Before I move on to my daily research routine I will first attempt to reflect on the conference. Hopefully this way I can reduce the chances of forgetting it ever happened. I won’t go into much depth but only some of the things I remember most clearly.
ECAL felt like an extended-family-of-the-CCNR week-long meeting. And I think that’s a good thing. The most exciting organisational differences between this ECAL and the previous one, as well as at least the two last Alifes, had to be the panel discussions at the end of each day. Although the discussions were not always insightful (see point towards the end on information theory and dynamical systems), they usually reflected the state of something that’s happening in the Alife community. Another good thing about this conference was the stronger congruence throughout each day’s theme as embodied by the keynotes, talks and posters presented in each.

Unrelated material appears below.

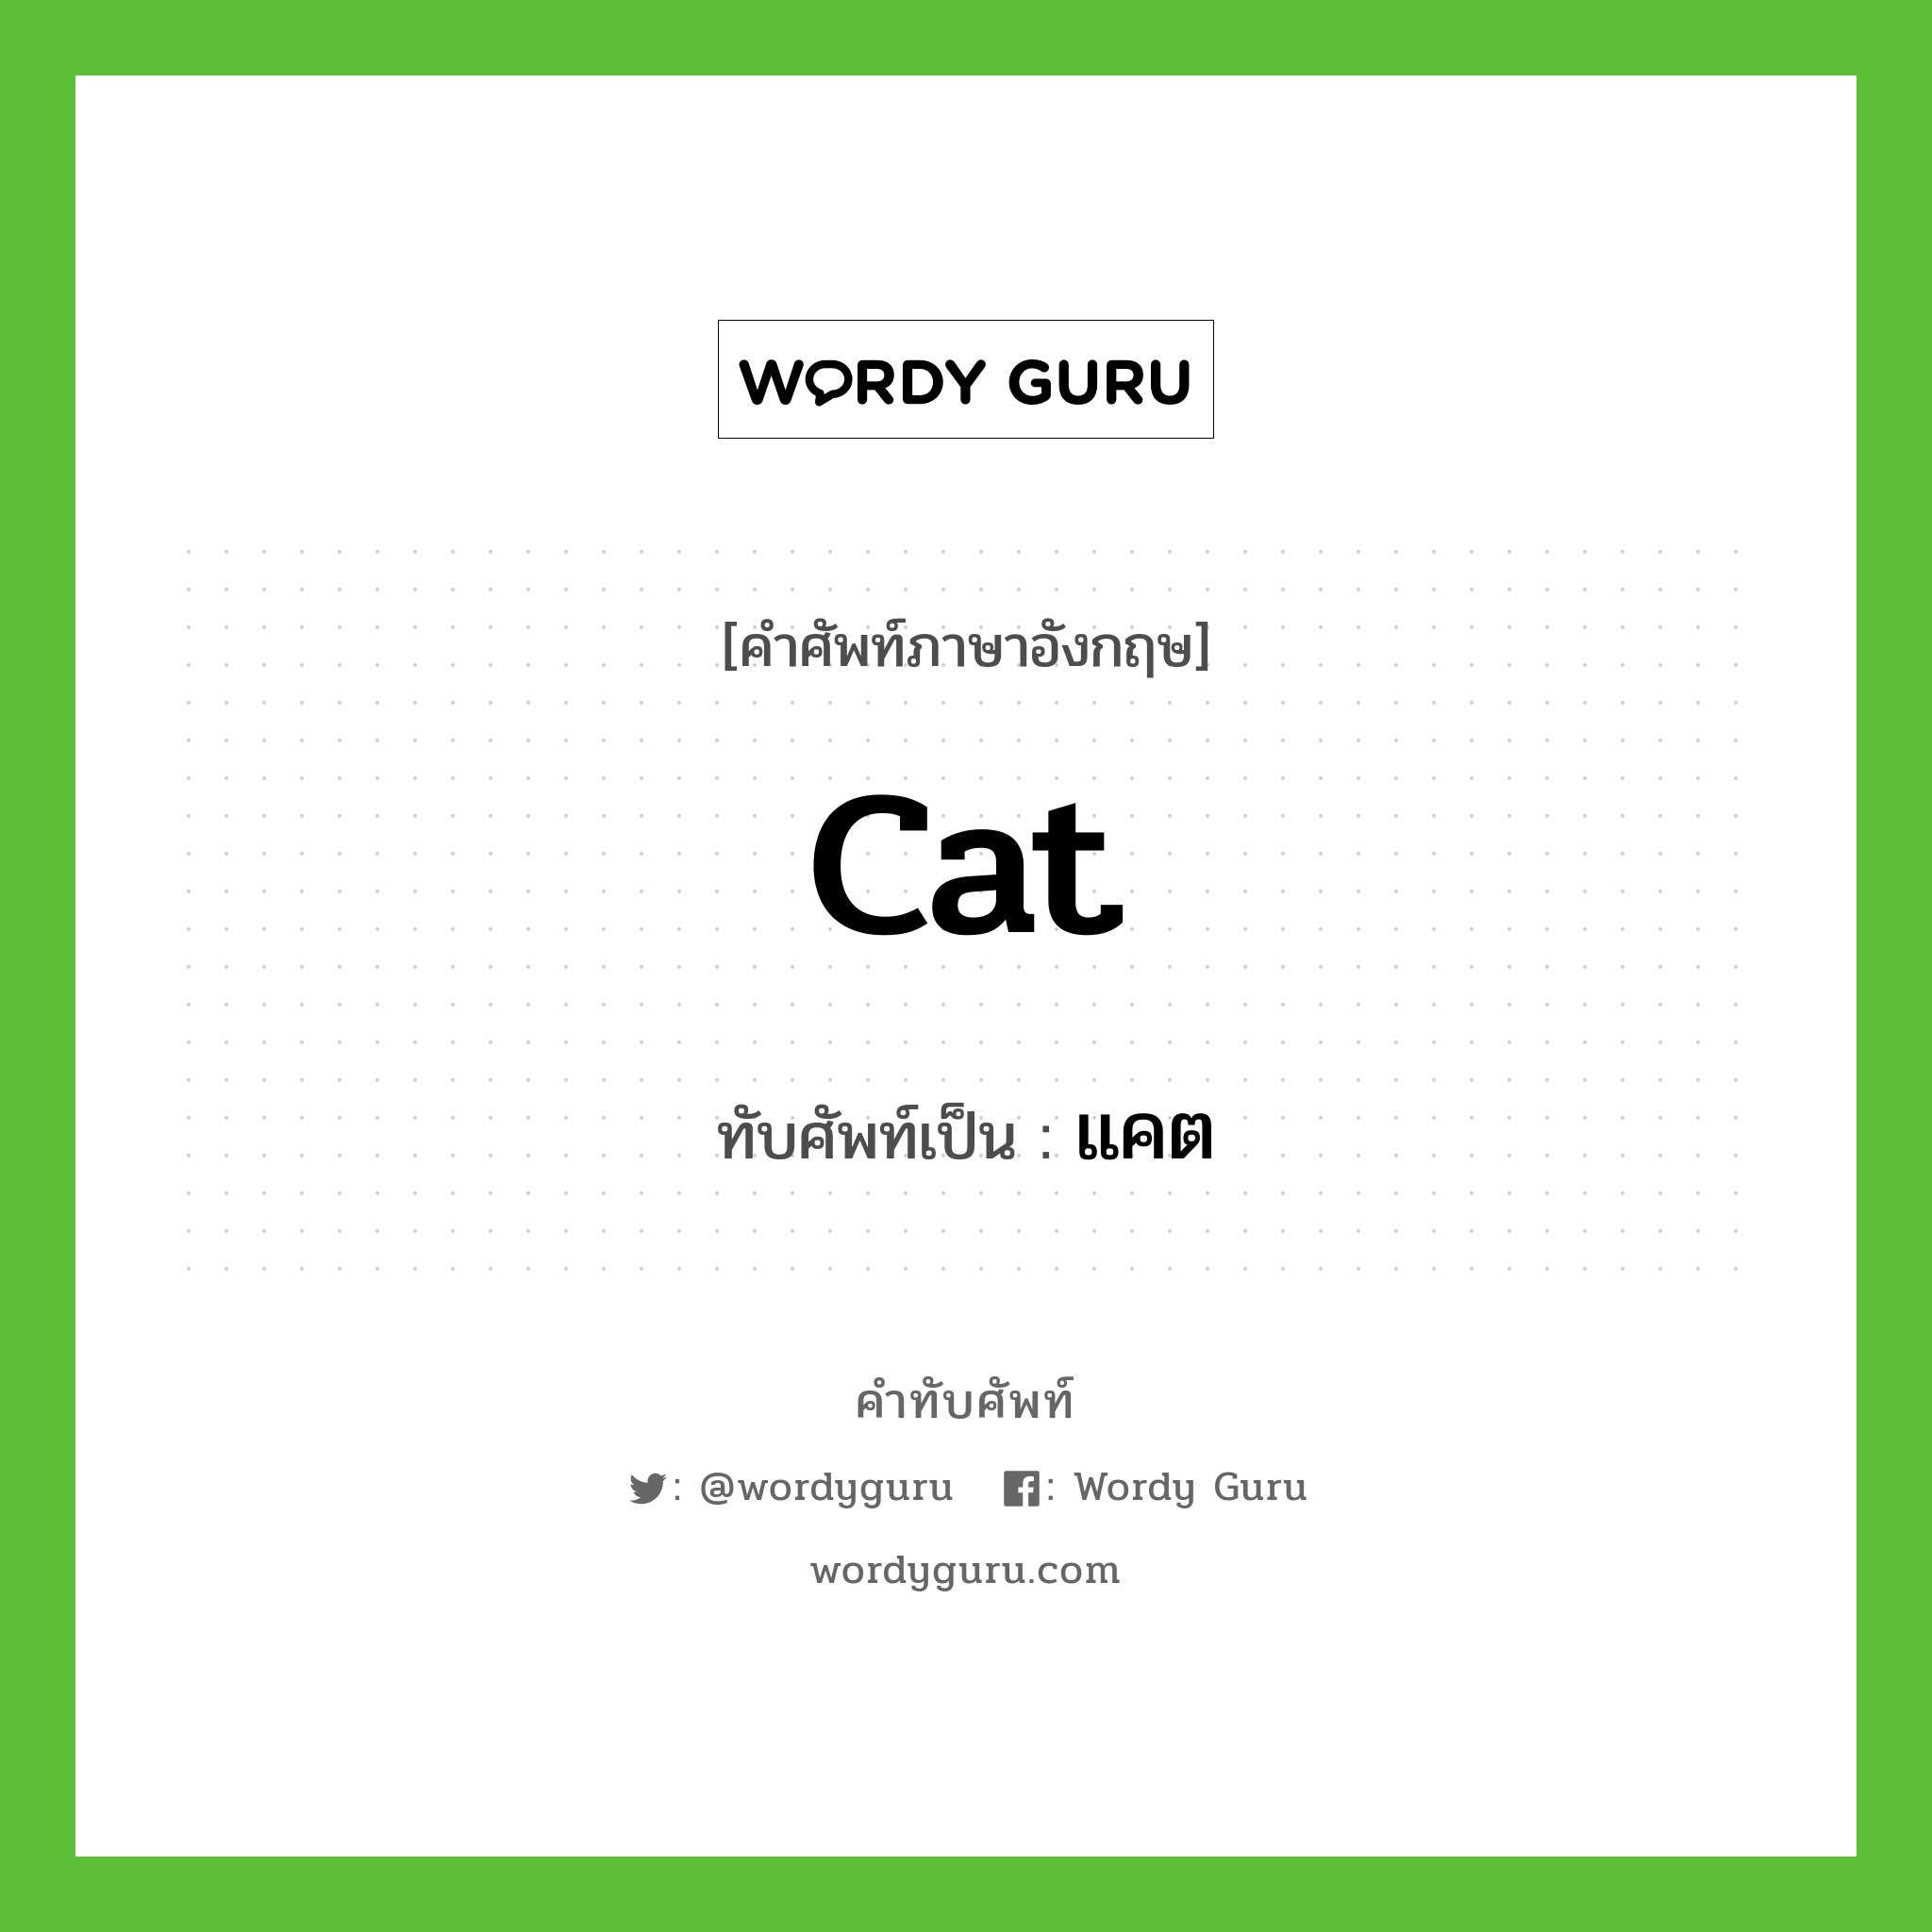 cat เขียนเป็นคำไทยว่าอะไร?, คำศัพท์ภาษาอังกฤษ cat ทับศัพท์เป็น แคต

There were several talks that I particularly enjoyed. Randall Beer’s and Janet Wile’s keynotes were the most exciting for me. I liked them the most because of the clearness of their motivations, the relevance of their scientific questions, the concreteness of the frameworks they propose, and the in-depth and systematic approach that they usually take, among other things. What I particularly liked about Randy’s was his outlook for future directions of research. I also found inspiring his emphasis on the idea that the use of dynamical systems analysis was not impossible to achieve, but on the contrary quite tractable, as long – of course – as education on the language and the tools were available to the community. I very much liked how Janet Wiles was so aware of her role as a supervisor of grad students. She kept bringing the topic of ‘approaches to grad students’ up any chance she had, unfortunately I felt most of the times it was glossed over by the rest and usually put to one side.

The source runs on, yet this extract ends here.